Today, one is happy to report, everyone is eager to get on the science and values bandwagon. There are conferences, books, anthologies, special issues of journals, albeit, as yet, no prizes. Philosophers of science are eager to learn about science policy. They now invite historians and sociologists to their meetings, and they try hard to be respectful, even as they struggle to figure out exactly how empirical evidence bearing on the actual practice of science is supposed to inform their philosophers’ questions. But that is precisely the problem, for what the philosophy of science still lacks are tools for theorizing the manner and consequences of the social embedding of science.

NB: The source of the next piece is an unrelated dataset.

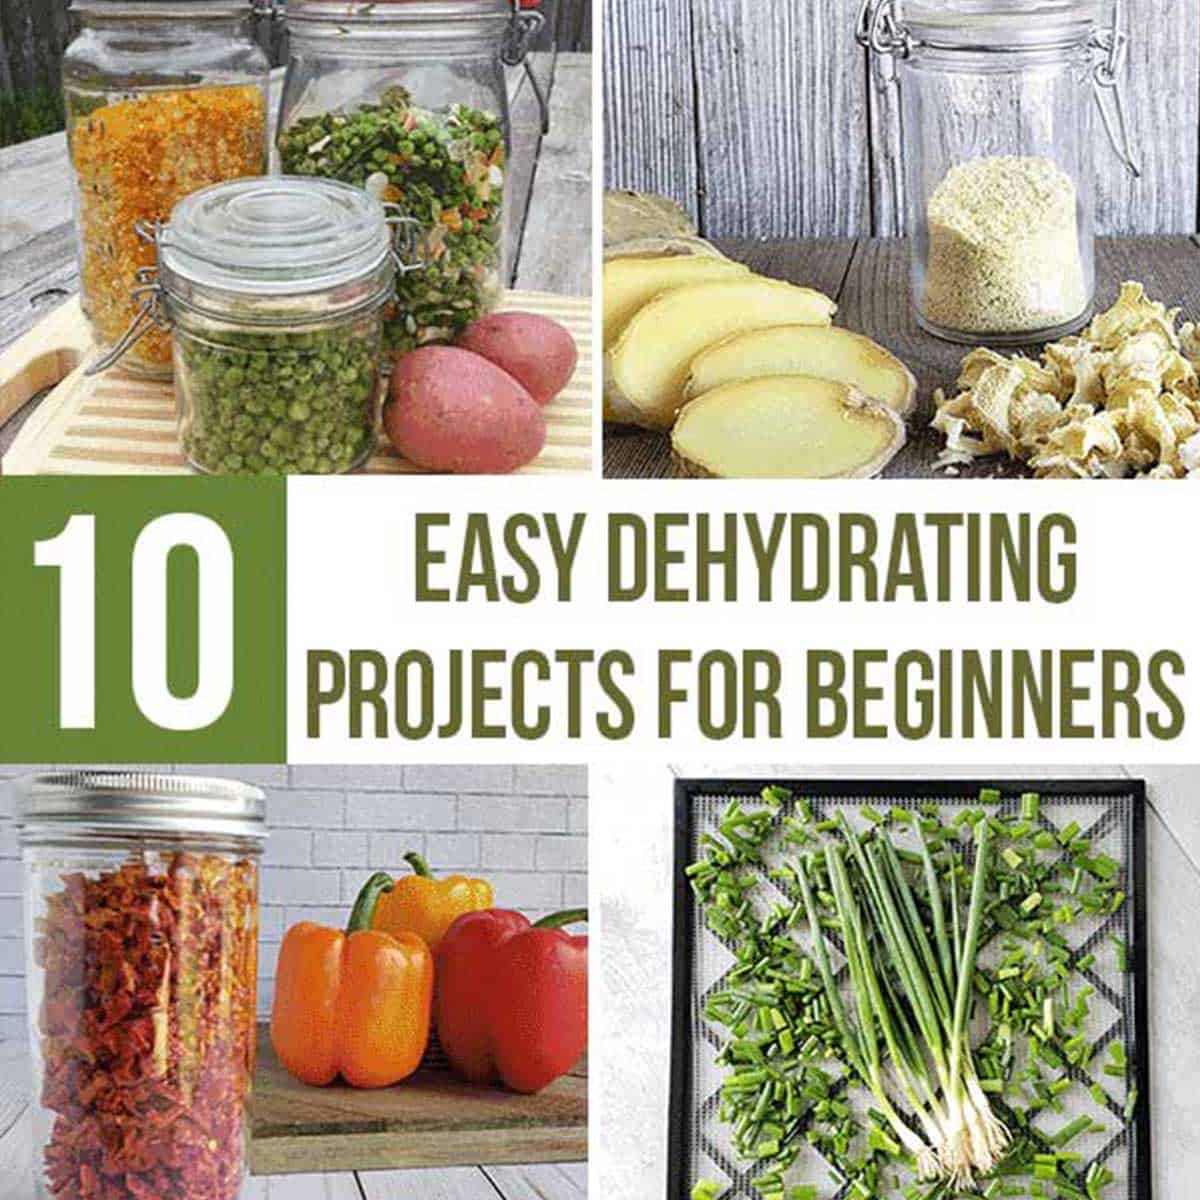 10 Easy Dehydrating Projects for Beginners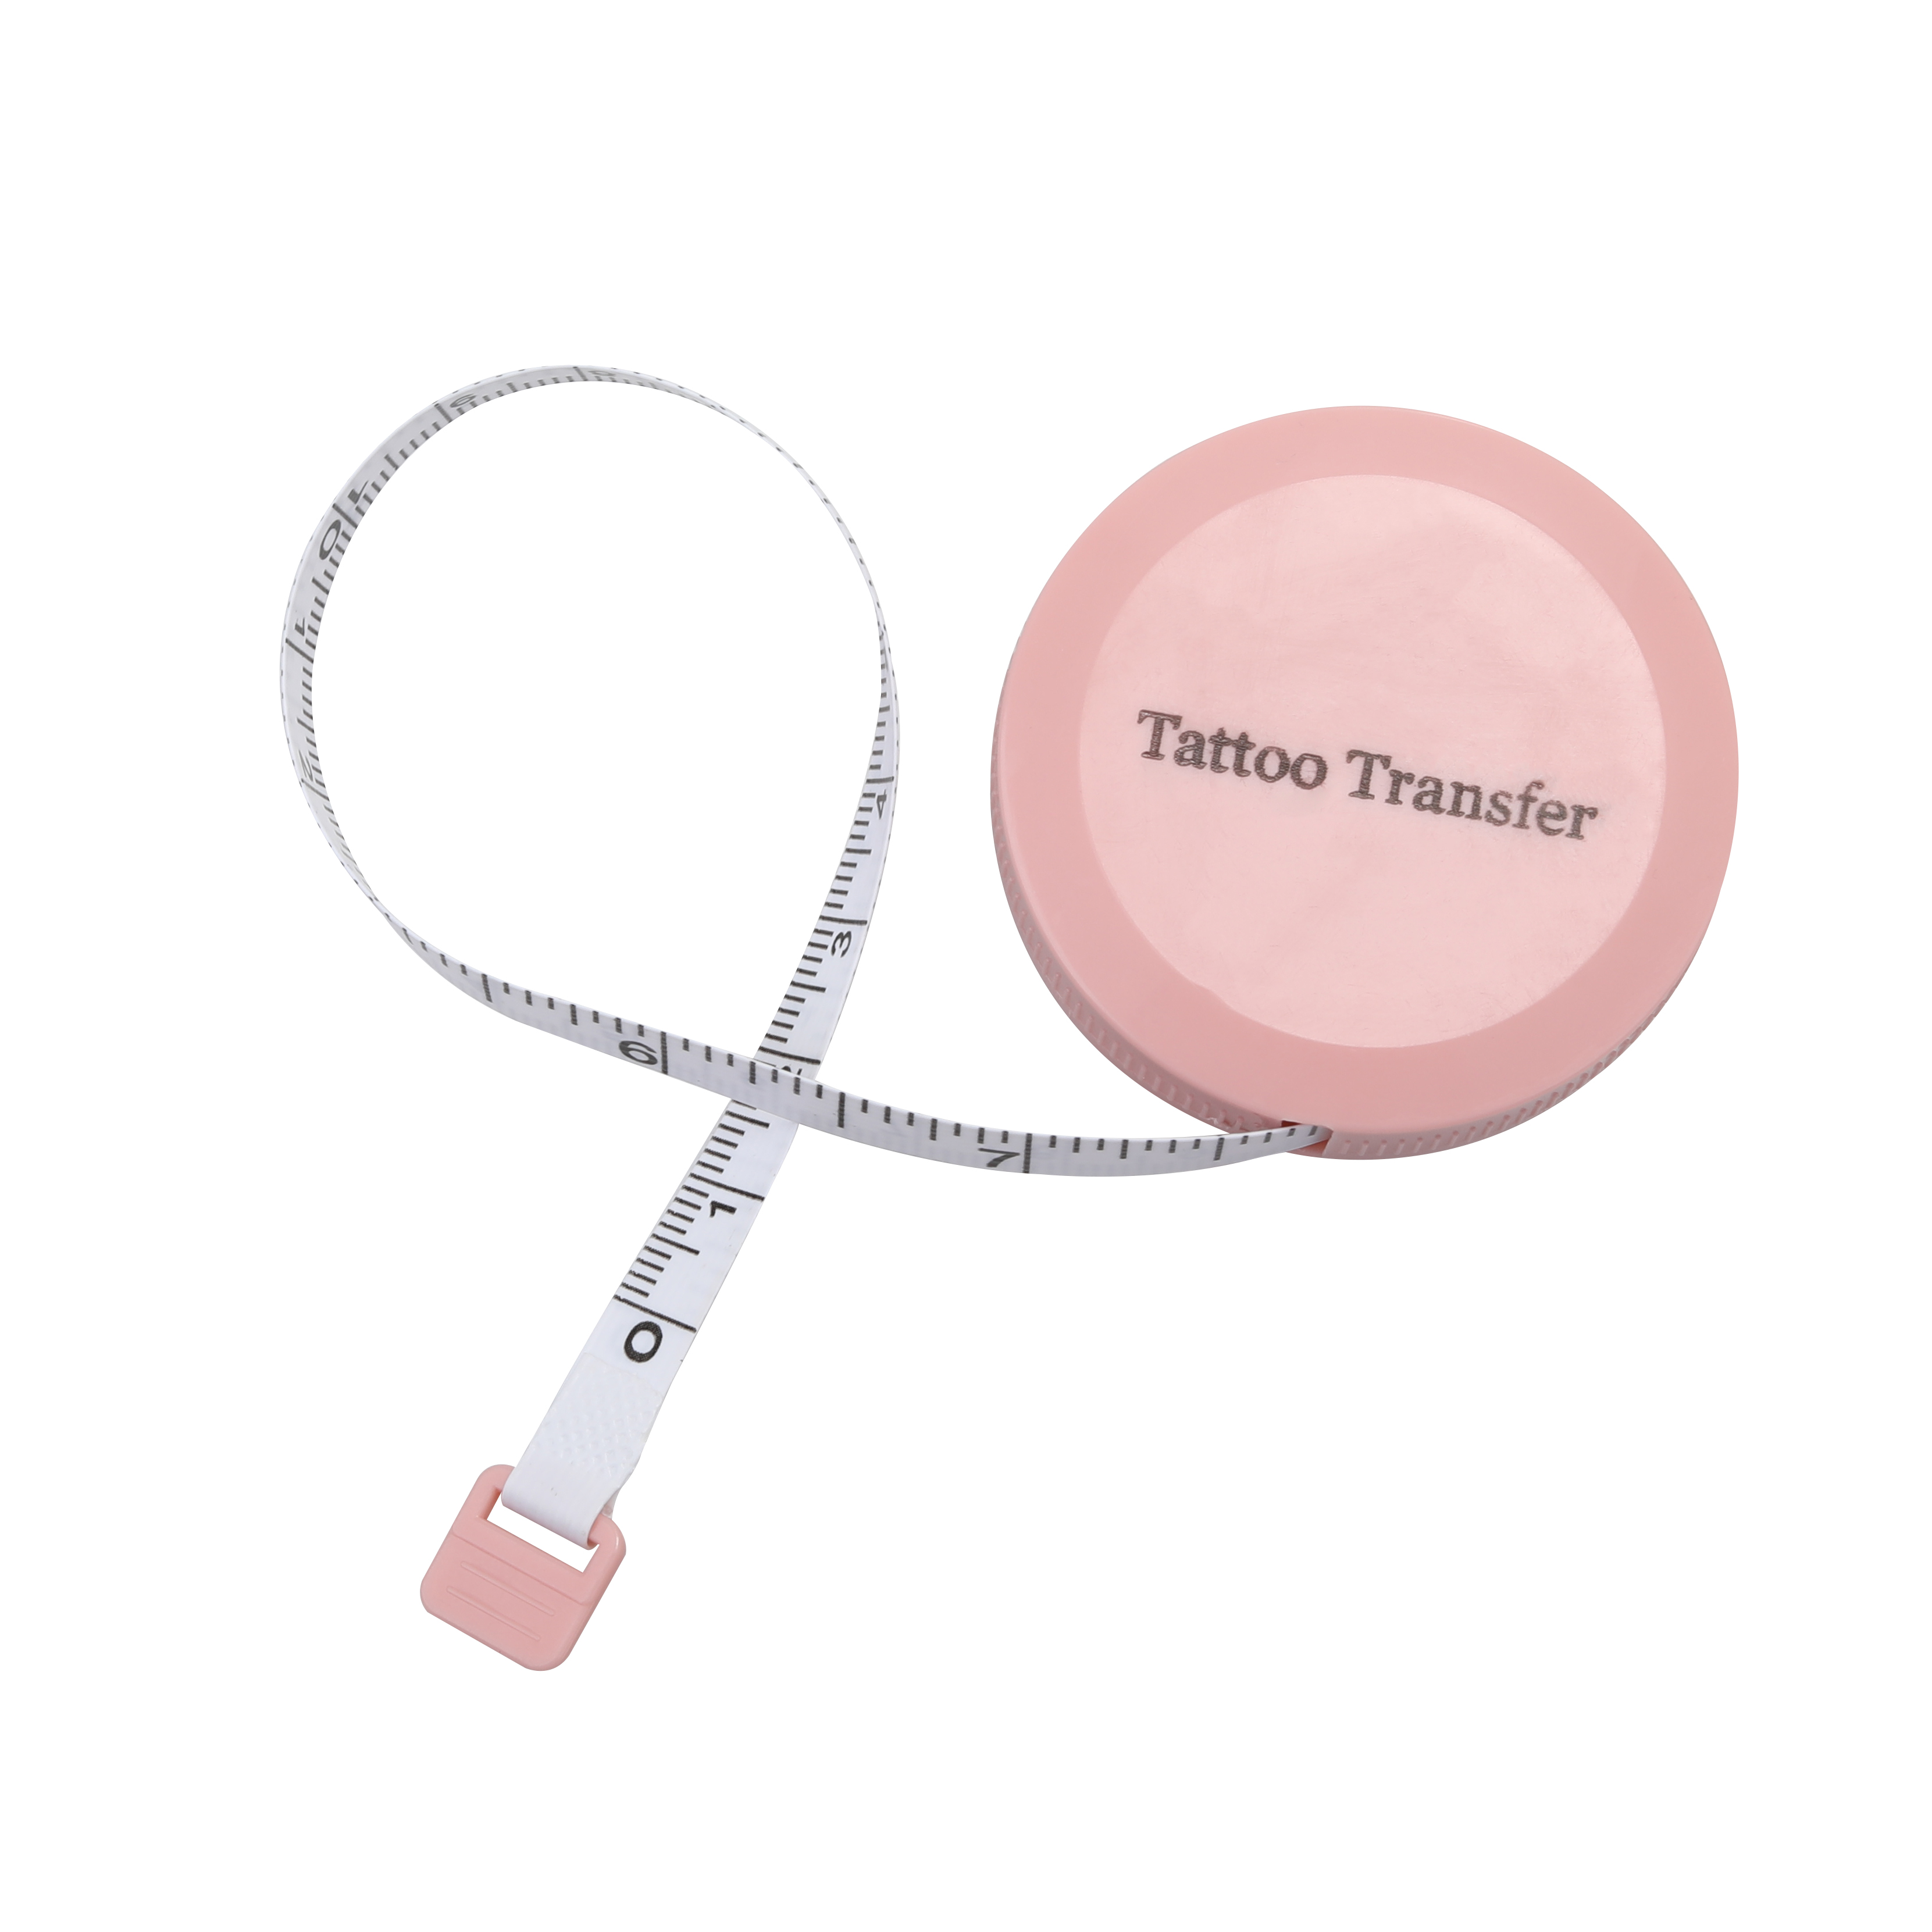 Tattoo Transfer Tape Measures, 60-Inch 1.5 Meter Mini Portable Retractable PU leather measuring tape.

This is not for want of trying. Our feminist colleagues have been at it for thirty or more years. They have taught us a lot about episodes where science has been more deeply affected by its social embedding – read now its “gendering” – than many of us had or wanted to think. Among them there is a proliferation of analytical frameworks, from feminist empiricism to standpoint theory, difference feminism, and postmodernist feminism, each of which has taught us new ways to query once-settled pieties. Phil Kitcher is probably the most prominent philosopher of science otherwise to have taken the plunge, borrowing ideas from John Rawls to think about the place of science in democracy while holding onto what some think are rather shopworn notions of truth and realism (perhaps also a shopworn notion of democracy). Most interesting to me are those projects that mine the past for fresh insights on science, values, and social embedding, as with Heather Douglas’s re-reading of Richard Rudner, Tom Uebel’s rehabilitation of Otto Neurath, and Matt Brown’s resuscitation of John Dewey (more on all of which anon). New theoretical ideas emerge, thus, from attentive history that is more than mere antiquarianism and rational reconstruction.

Lots of commotion. Still we lack, by my lights, the kinds of theoretical tools needed to answer the “How?” question posed above: “By what means, in which respects, and to what extent does science change our world and does the world change science?” We need a theory of science that integrates the history, philosophy, anthropology, psychology, sociology, and even biology of science and scientists into a comprehensive project. In its critical and reformist aspects this theory of science must learn to be normative not just after the fashion of the inductive logician but also in the way of the political theorist and the moral theorist. Promotion of the common good should be the guiding principle. And it would be fun it if could even be a bit utopian.